You might want to check out puppeteer-cluster (I'm the author of that library), which supports your use case. The library runs tasks in parallel, but also takes care of error handling, retrying and some other things.

You should also keep in mind that opening 10 pages for 10 URLs is quite costly in terms of CPU and memory. You can use puppeteer-cluster to use a pool of browsers or pages instead.

Code Sample

You can see a minimal example below. It's also possible to use the library in more complex settings.

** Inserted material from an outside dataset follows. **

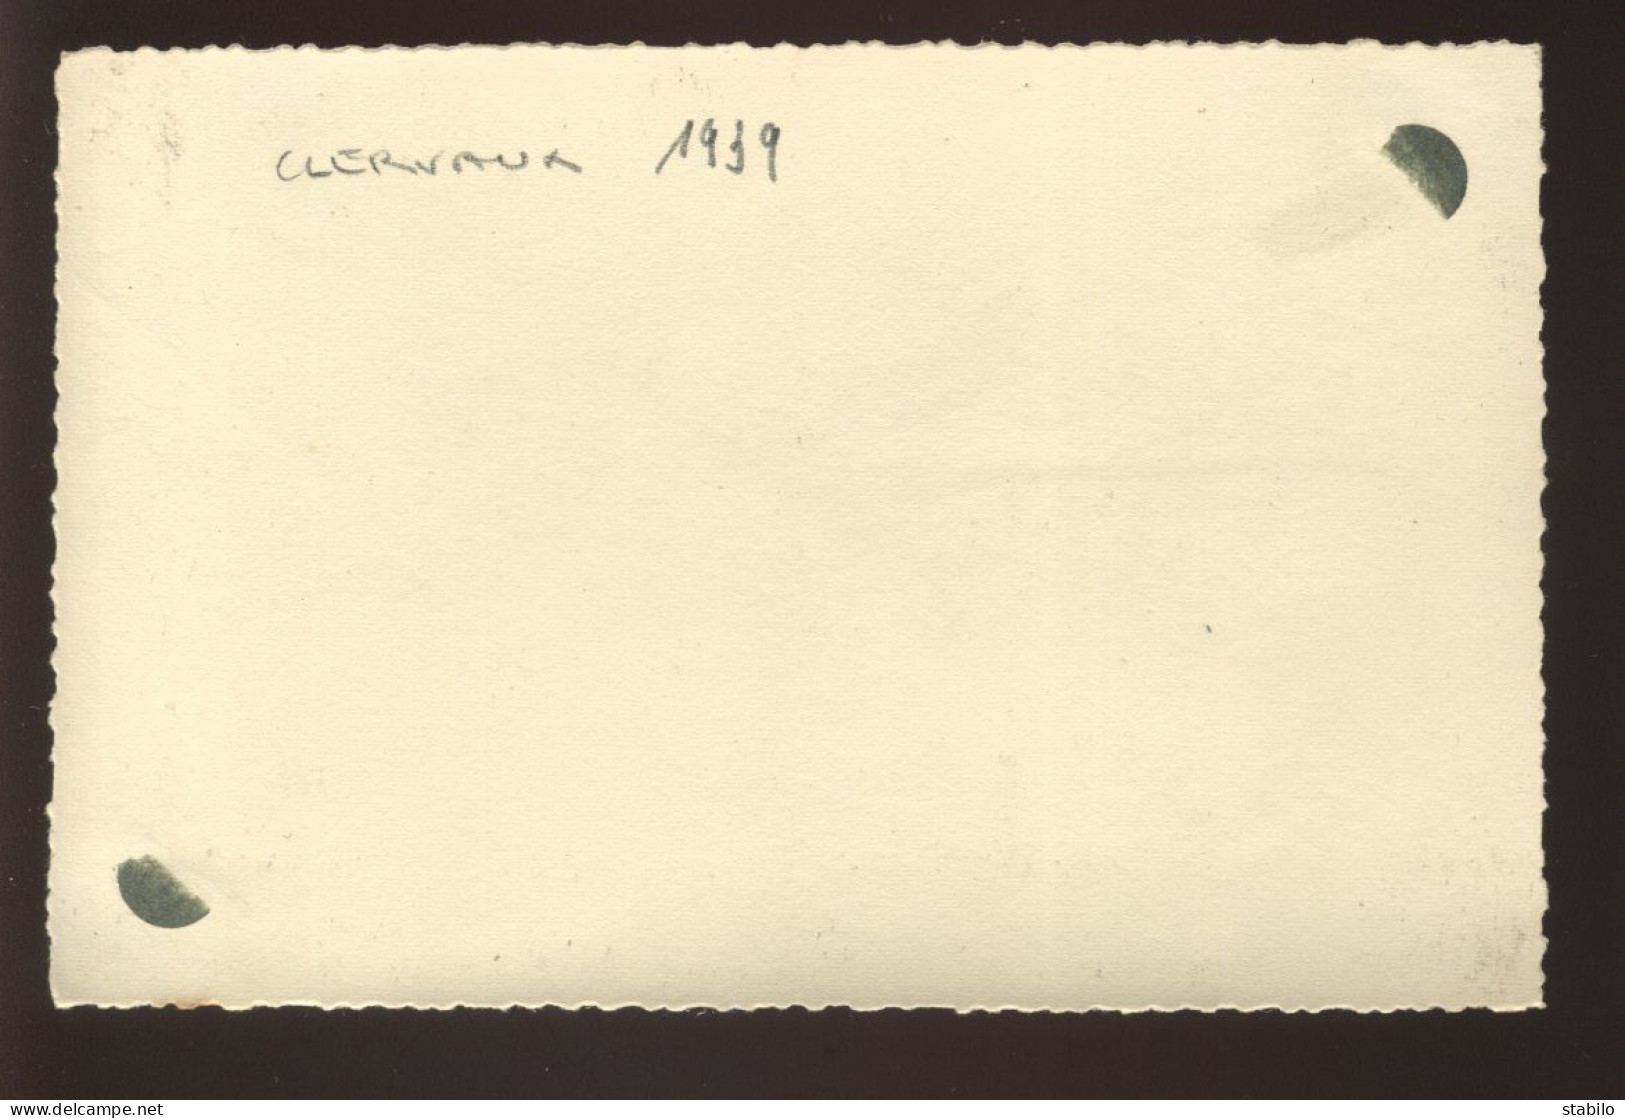 LUXEMBOURG - CLERVAUX - 1939 - FORMAT 13.5 X 8.8 CM - Orte

const { Cluster } = require('puppeteer-cluster');

(async () => {
  const cluster = await Cluster.launch({
    concurrency: Cluster.CONCURRENCY_PAGE, // use one browser per worker
    maxConcurrency: 4, // Open up to four pages in parallel
  });

  // Define a task to be executed for your data, this function will be run for each URL
  await cluster.task(async ({ page, data: url }) => {
    await page.goto(url);
    // ...
  });

  // Queue URLs (you can of course read them from an array instead)
  cluster.queue('http://www.google.com/');
  cluster.queue('http://www.wikipedia.org/');
  // ...

  // Wait for cluster to idle and close it
  await cluster.idle();
  await cluster.close();
})();
Sign up to request clarification or add additional context in comments.

2 Comments

Thanks for the library - i'll test it out tonight. Would headless in my case help with the CPU? @ThomasDondorf
@Mike No, that does not make a difference, but there are multiple tools to fine out what suits your machine.
2

Yes, it's default asynchronous behavior. You just need to open 10 tabs and run your script over these pages.

Here is the sample:

(async () => {
    const browser = await puppeteer.launch({
        headless: false
    });
    const ids = ['1', '2', '3'];
    const pool = [];

    for (let index = 0; index < ids.length; index++) {
        pool.push(
            browser.newPage() // create new page for each id
                .then(page => {
                    const currentId = ids[index];
                    // your script over current page
                })
        );
    }

    await Promise.all(pool); // wait until all 10 pages finished
    await browser.close(); // close the browser
})();

2 Comments

promise.all() will wait until all pages are resolved? Is it possible to have the pages tha resolve before others return their values? without having to wait until all are complete?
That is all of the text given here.